> _Try it_: Exactly as written, print every line of the listing below and omit its pictures.

> _Given material_:
# # # # #
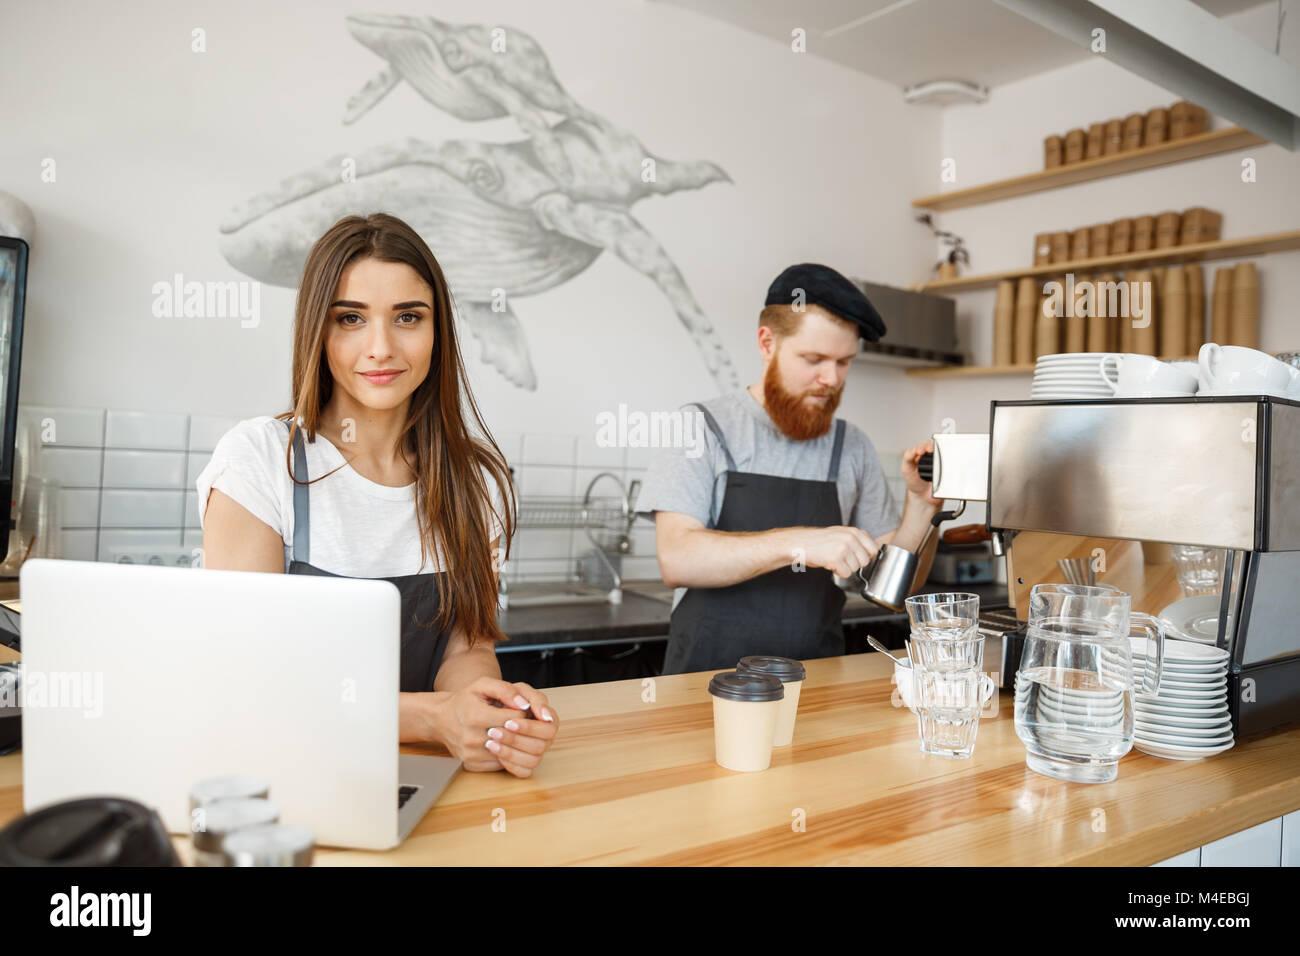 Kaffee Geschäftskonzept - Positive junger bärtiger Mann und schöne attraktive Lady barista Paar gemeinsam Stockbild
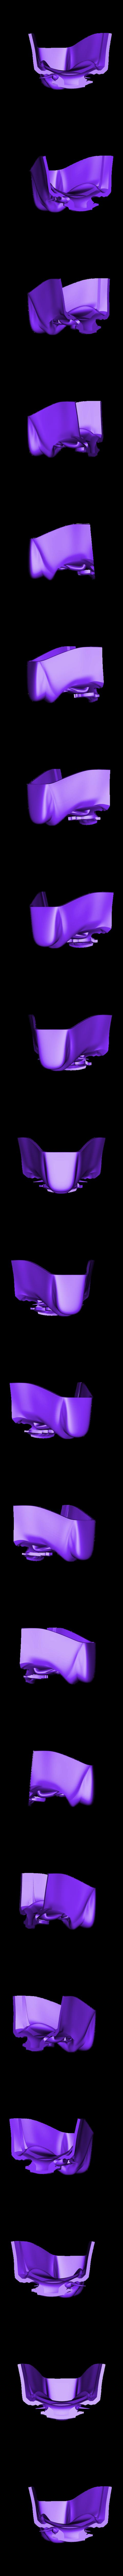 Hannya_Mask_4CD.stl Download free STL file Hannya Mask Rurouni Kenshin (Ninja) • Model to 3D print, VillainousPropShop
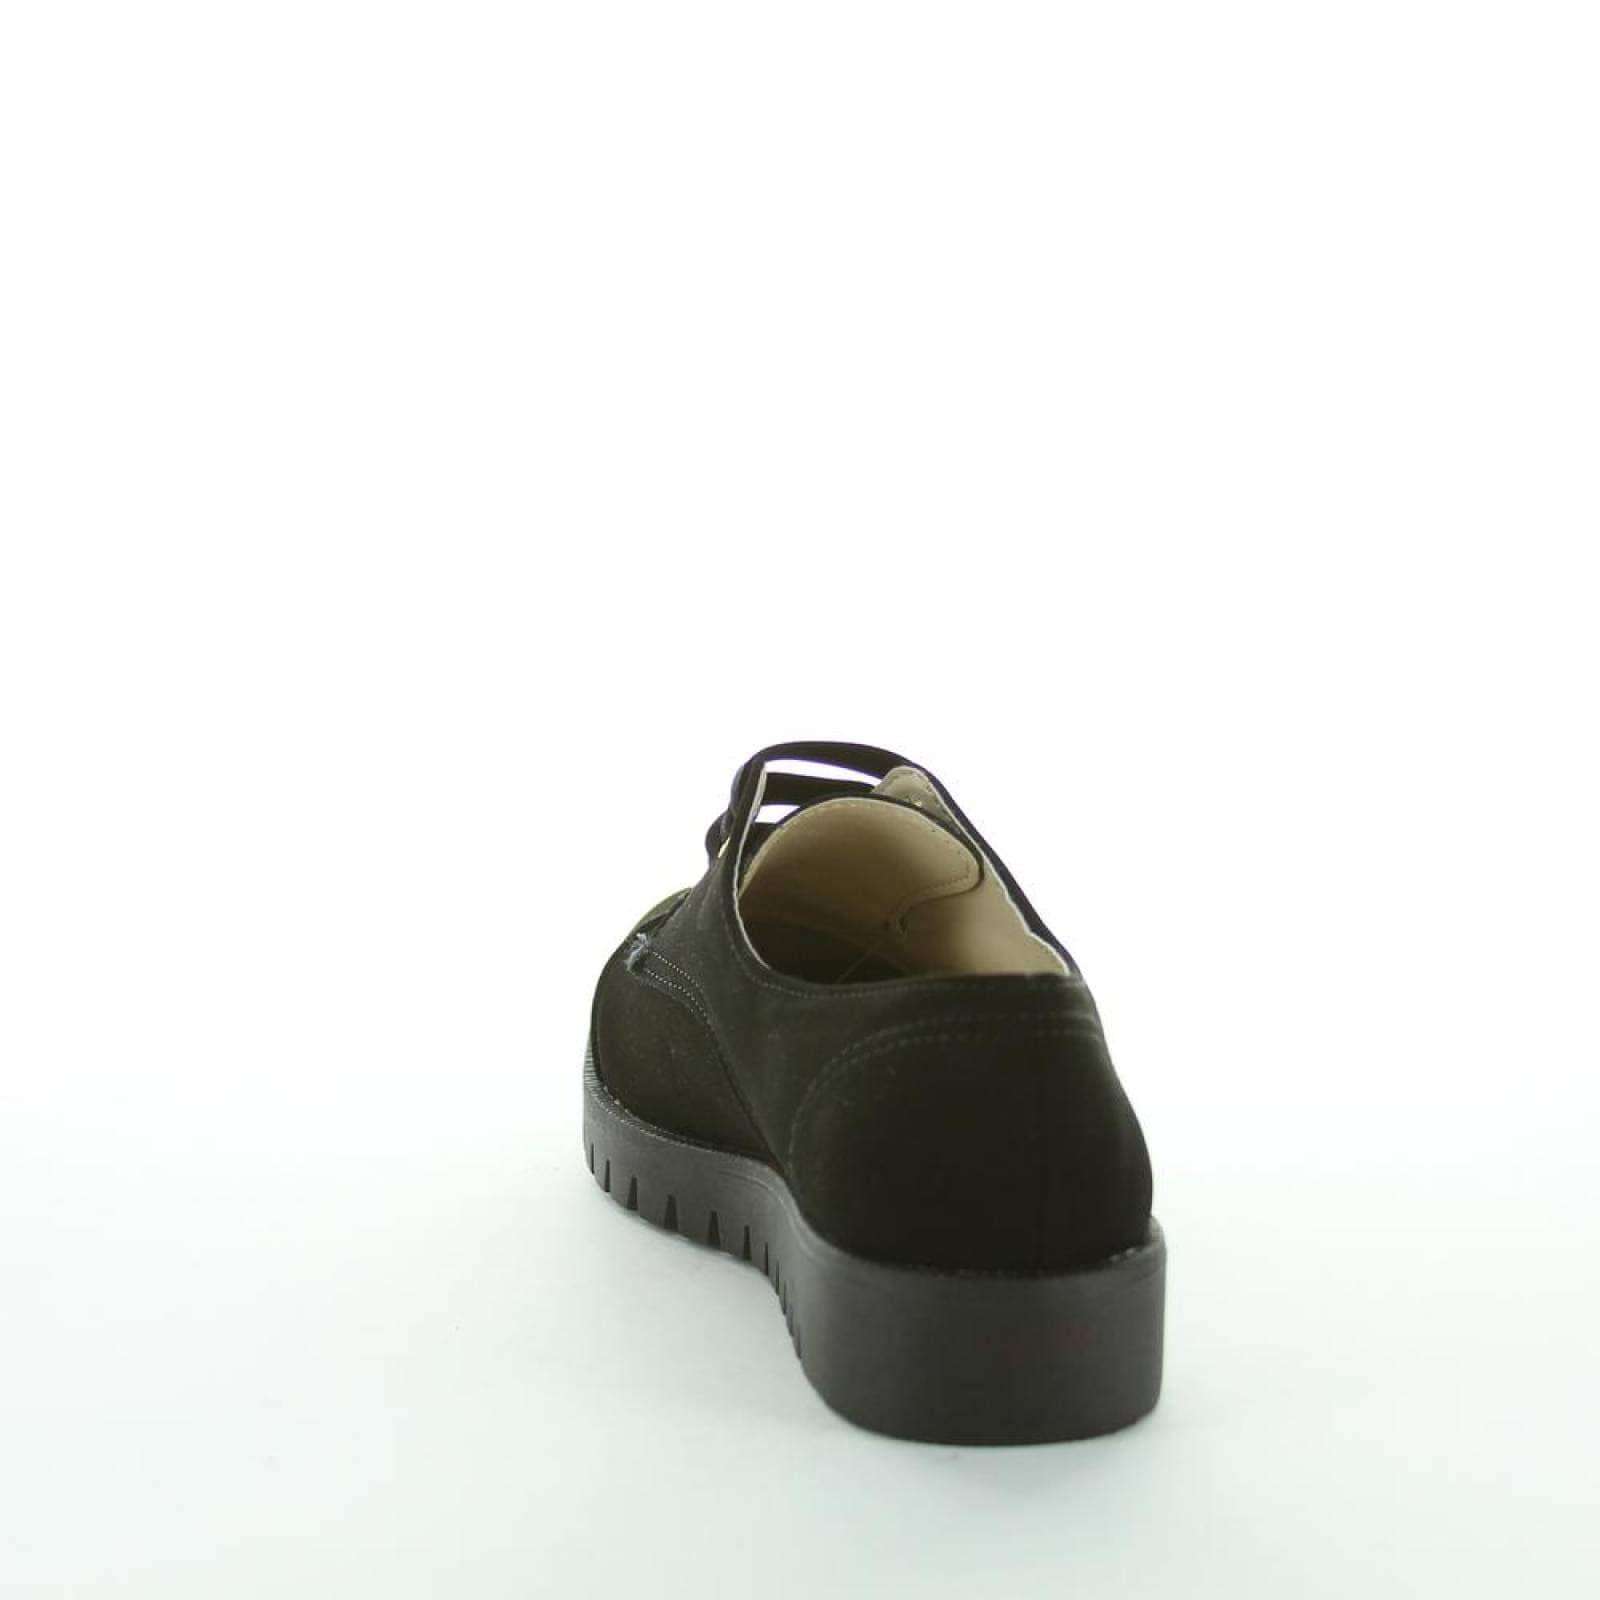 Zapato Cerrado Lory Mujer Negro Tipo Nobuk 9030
# # # # #
> _Task response_:
 Kaffee Geschäftskonzept - Positive junger bärtiger Mann und schöne attraktive Lady barista Paar gemeinsam Stockbild
 Hannya_Mask_4CD.stl Download free STL file Hannya Mask Rurouni Kenshin (Ninja) • Model to 3D print, VillainousPropShop
 Zapato Cerrado Lory Mujer Negro Tipo Nobuk 9030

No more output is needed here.